— WORK REQUIRED —
For this exercise, copy exactly the lines below from the one with "cat sniffing a tulip with feline fine logo" through the one with "None of my costume" and leave out the pictures.

— RECORDS FOR THIS EXERCISE —
--- START ---

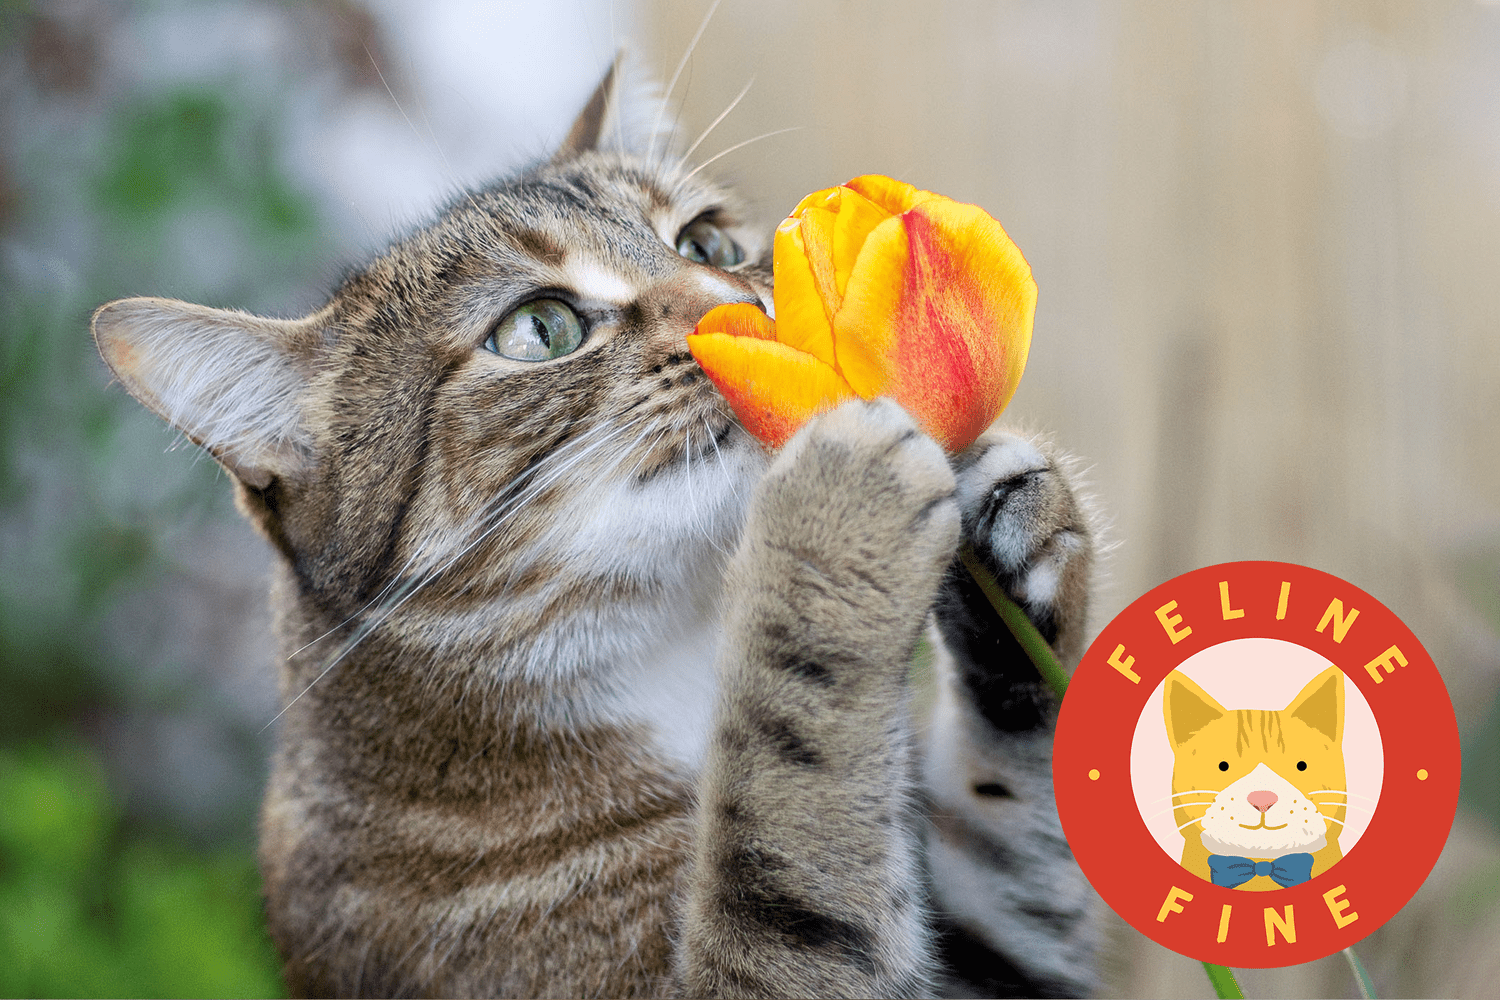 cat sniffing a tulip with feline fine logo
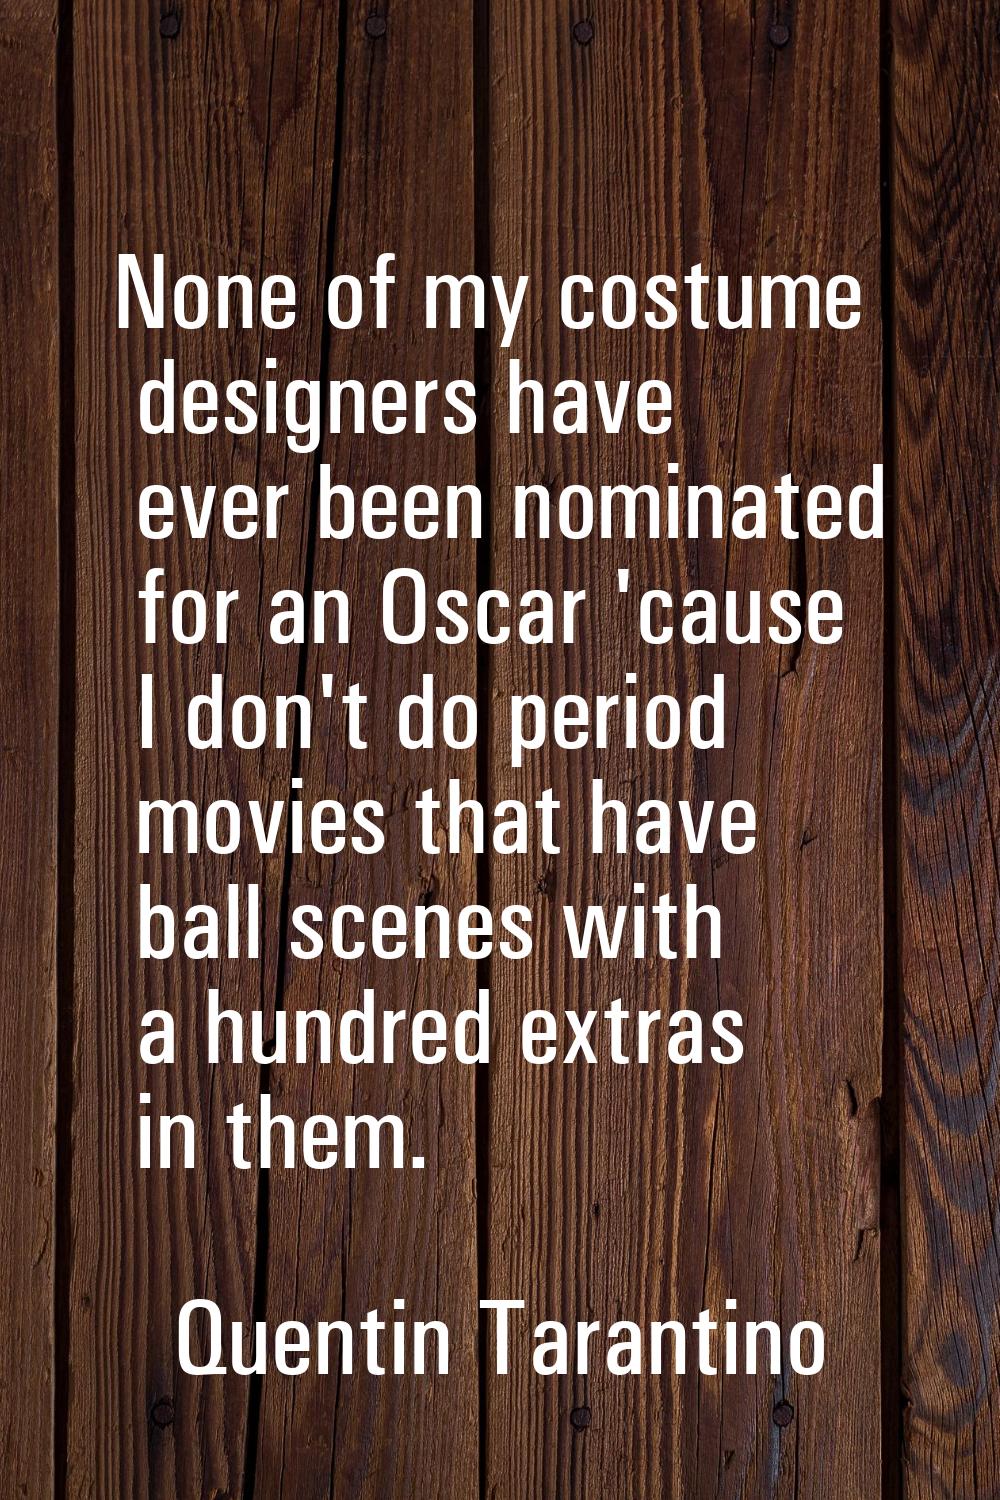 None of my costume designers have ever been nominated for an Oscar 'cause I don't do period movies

--- END ---
--- START ---

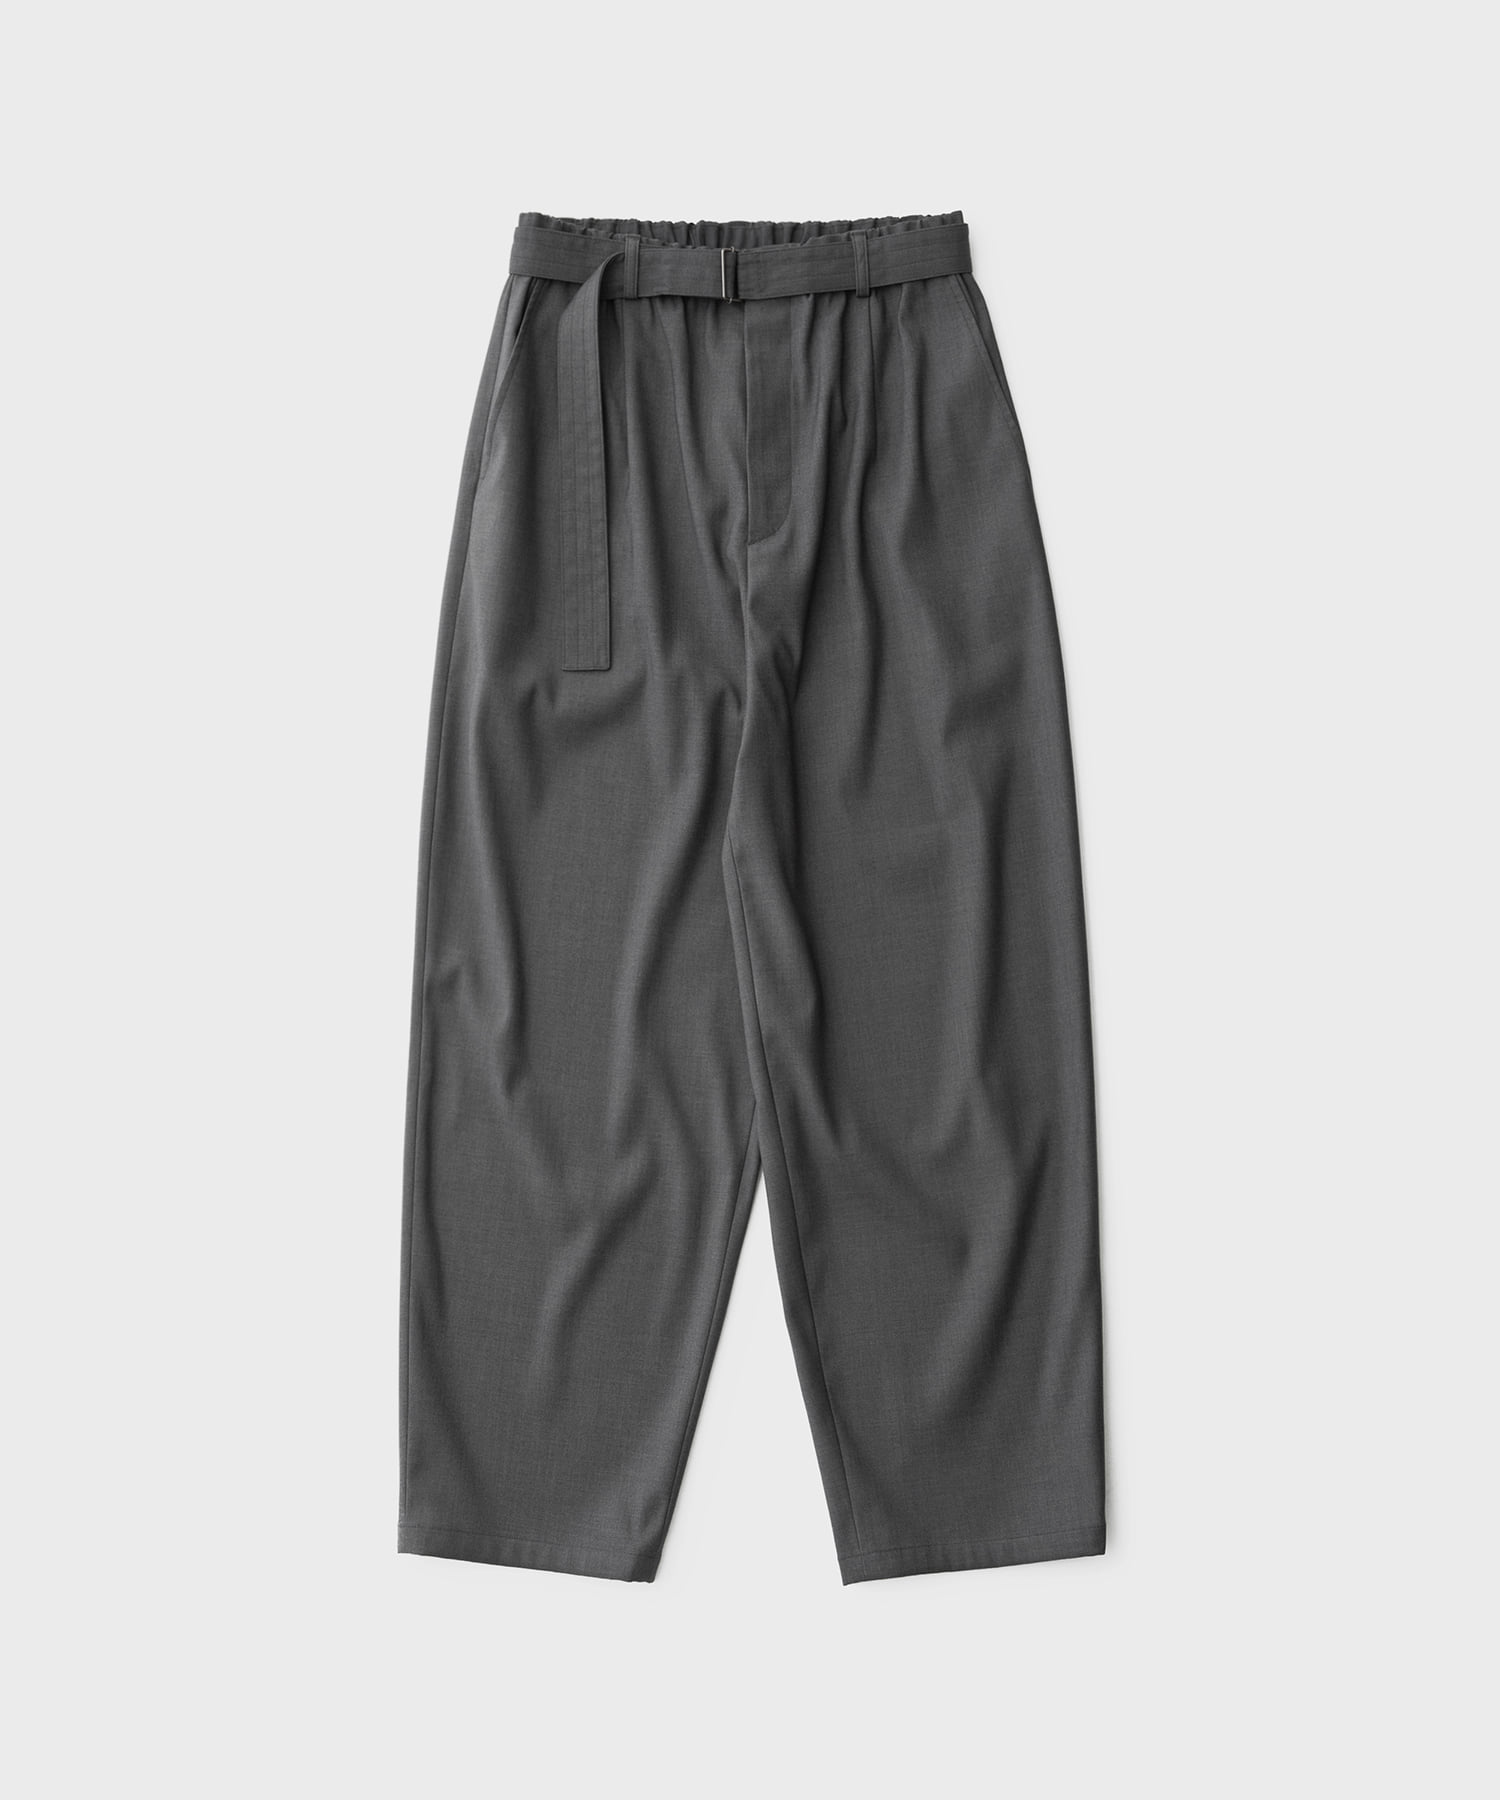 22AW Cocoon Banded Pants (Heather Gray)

--- END ---
--- START ---

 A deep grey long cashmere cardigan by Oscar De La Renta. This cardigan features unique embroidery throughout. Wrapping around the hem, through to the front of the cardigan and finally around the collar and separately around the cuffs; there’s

--- END ---

— WRITTEN RESPONSE —
 cat sniffing a tulip with feline fine logo
 None of my costume designers have ever been nominated for an Oscar 'cause I don't do period movies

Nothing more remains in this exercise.